Monday, May 13, 2019

After the losing


WE WUZ robbed. True or not, losers still lost.
As there’s nothing you can do to undo what’s done, may as well accept it, with all graciousness, with all humility. And go into some introspection, into reflection over the might-have-beens – no, not to sulk and wallow in blaming and self-pity, but to find the resolve to do much better for the next run. It’s only three years away, you very well know.
To that end, what I have long proffered as post-election prescription for the solace of the hurting also-ran is this rumination of Pulitzer Prize-winning The New York Times columnist William Safire in his The First Dissident subtitled The Book of Job in Today’s Politics, thus:
“IS SUFFERING a defeat good for a political person? The run for office is a short run, and the loser is not likely to find comfort in talk about the long run. But can rejection at the polls be fairly presented as what condolence-bearers sardonically call ‘a character-building experience’?”
Yes, and yes. And the dearly lamented Carmelo F. Lazatin, better known as the Tarzan exemplified it.
Tarzan lost in his very first try for an elective post – mayor of Angeles City in 1980.
Losing an election early in political career is deemed constructive. As Safire says, “a therapeutic trouncing introduces a little real humility into candidates who must at least profess humility.”
Though not exactly a long shot in the 1st district congressional contest in 1987 – he was the beatific Cory’s choice, after all – Tarzan managed to squeak through victory – by a plurality of less than a hundred votes against his closest rival, if now-selective memory still serves right.
Tarzan rolled through victory after victory thereafter – three terms in the Lower House, notwithstanding his being derided as the chair of the comite de silencio at the camara de representante; first ever city mayor to serve three terms; back to Congress in 2010.
He lost in his comeback bid for the mayorship in 2013 and was readily consigned to the dustbin of the political has-beens.

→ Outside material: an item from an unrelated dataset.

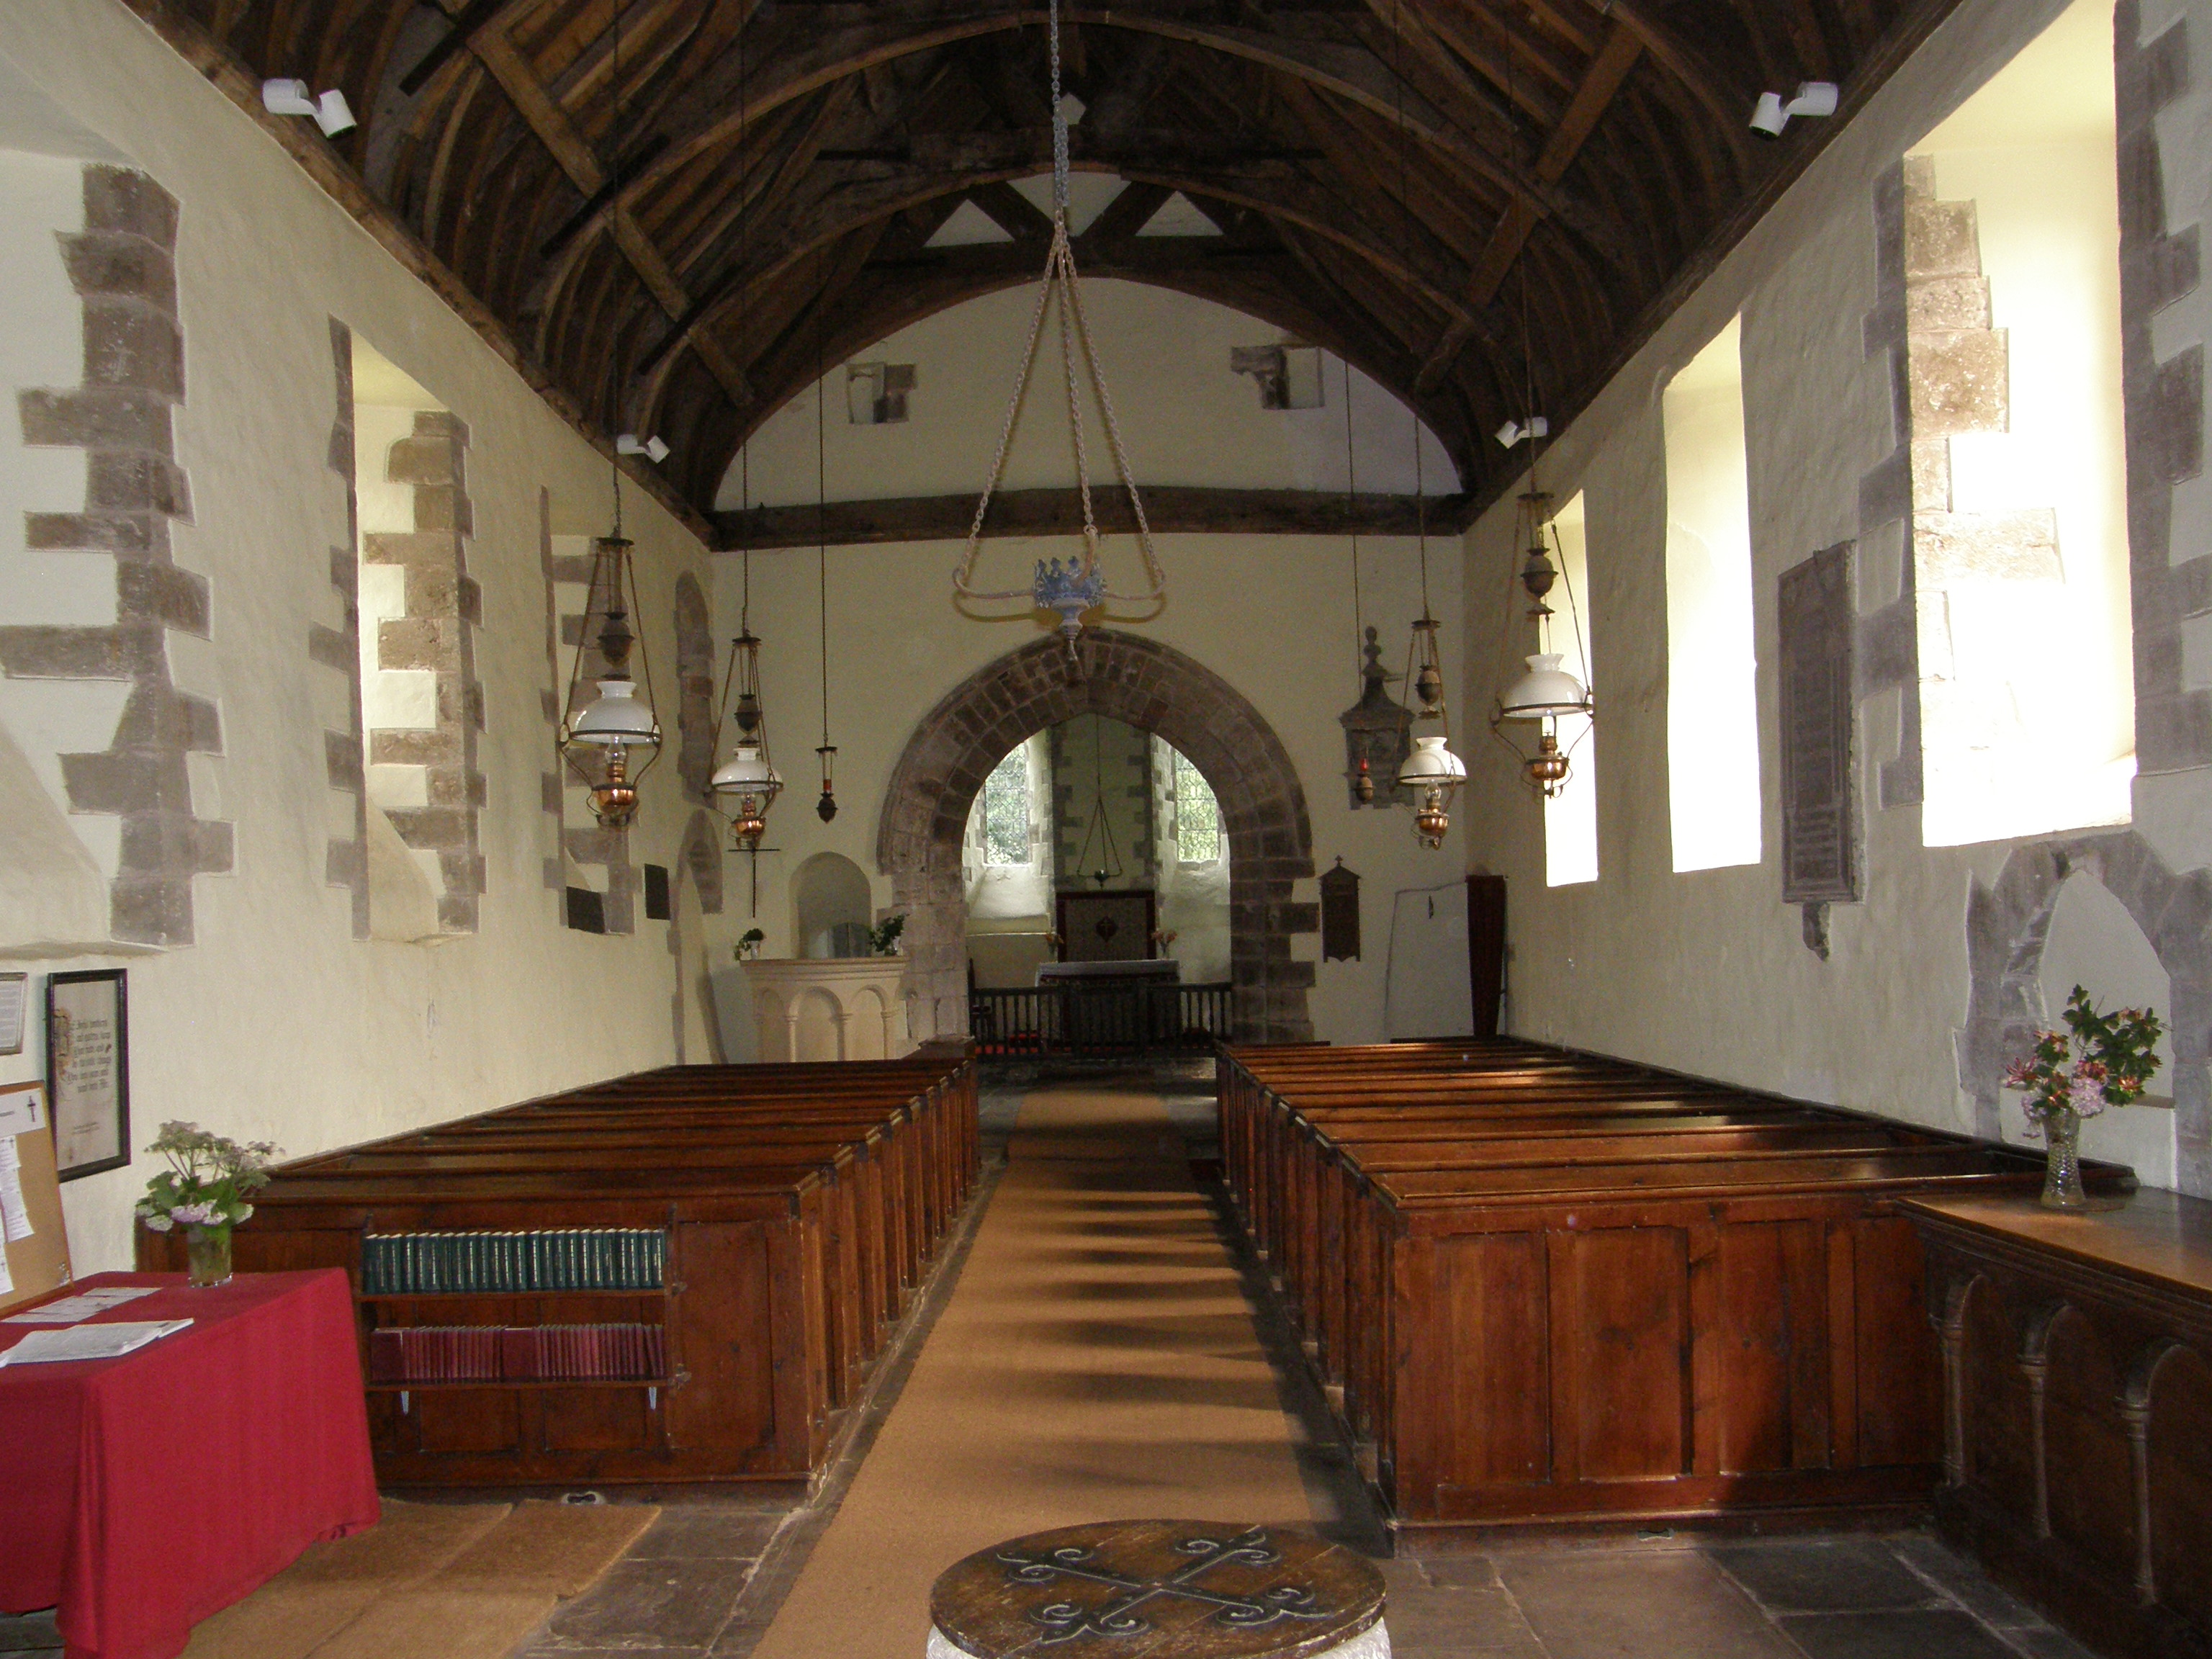 Interior of St Davids Parish Church, Llanthony, Wales

Only to resurrect – by proxy – in 2016 with the masterful crafting of the twin victories of his namesakes – Carmelo Jr. aka Pogi, and Carmelo II aka Jon – at the city council, and in the first congressional district, respectively.
Contrary to all expectations, aye, in direct defiance of age and health, Tarzan won the chairmanship of the city’s premier barangay of Balibago in 2018.

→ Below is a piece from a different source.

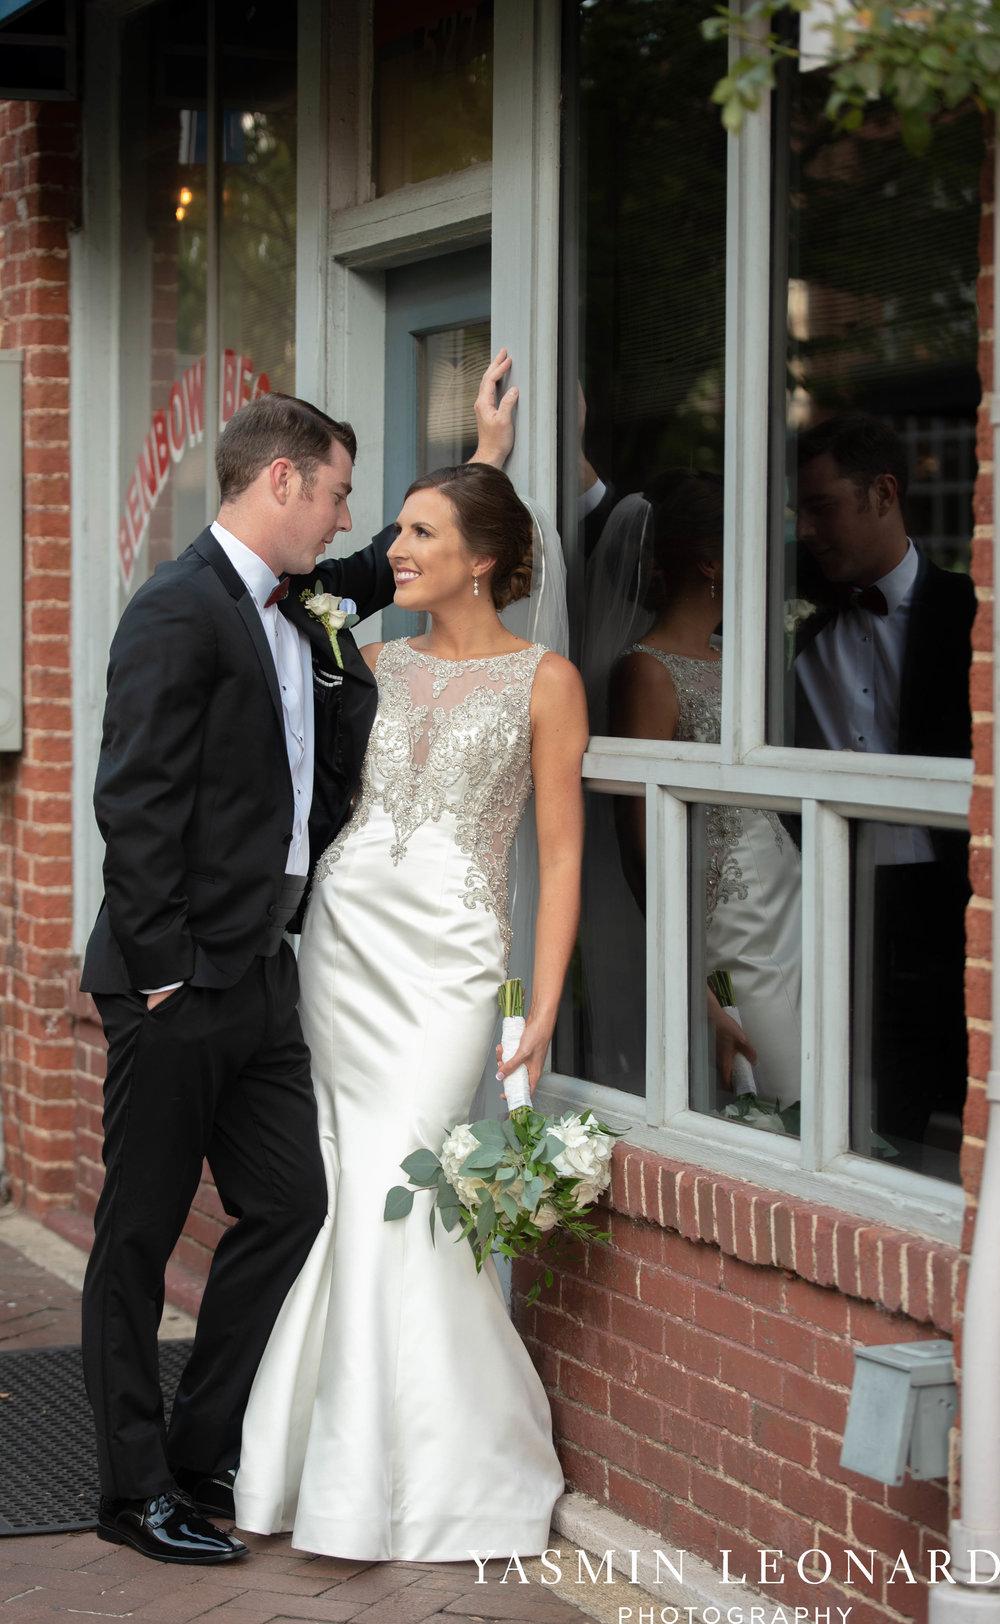 Millennium Center Wedding - Downtown Winston Salem - Winston Salem Wedding Photographer - Winston Salem Venues - Indoor Wedding Venues - NC Wedding Photographer - Yasmin Leonard Photography-31.jpg

It was to be Tarzan’s final yell, succumbing to cardiac arrest over the ravages of age seven months later.
But not his last hurrah – if only from the grave – with the definitive victory of Pogi as hizzoner of Angeles City, and the impressive re-election of Jon as Pampanga 1st District representative.
The sons handling contemporaneously the positions held by the father one after the other. What greater political legacy than this?
Tarzan could not have known it but what Safire called the “law of political return” impacted upon him, ingraining him with the “comeback quality.”
Qualified, thus: “Defeat, if it does not destroy them, tempers leaders. After reaching deep within for internal resources, they can rightly claim to have grown as a result of what the voters have taught them. In the art of comeback, one lesson is not to insist that voters admit they were wrong last time, even if their choice of candidates turned out to be inept or corrupt in office. On the contrary, the putative comebacker should compliment the electorate on having been right in spotting his own shortcomings in policy or personality or presentation, which have been corrected – with no compromise of principle, of course. Last time losers should assert with pride that they have learned enough to become next time’s winners.”
Else, they stop running altogether. And stop losing forever.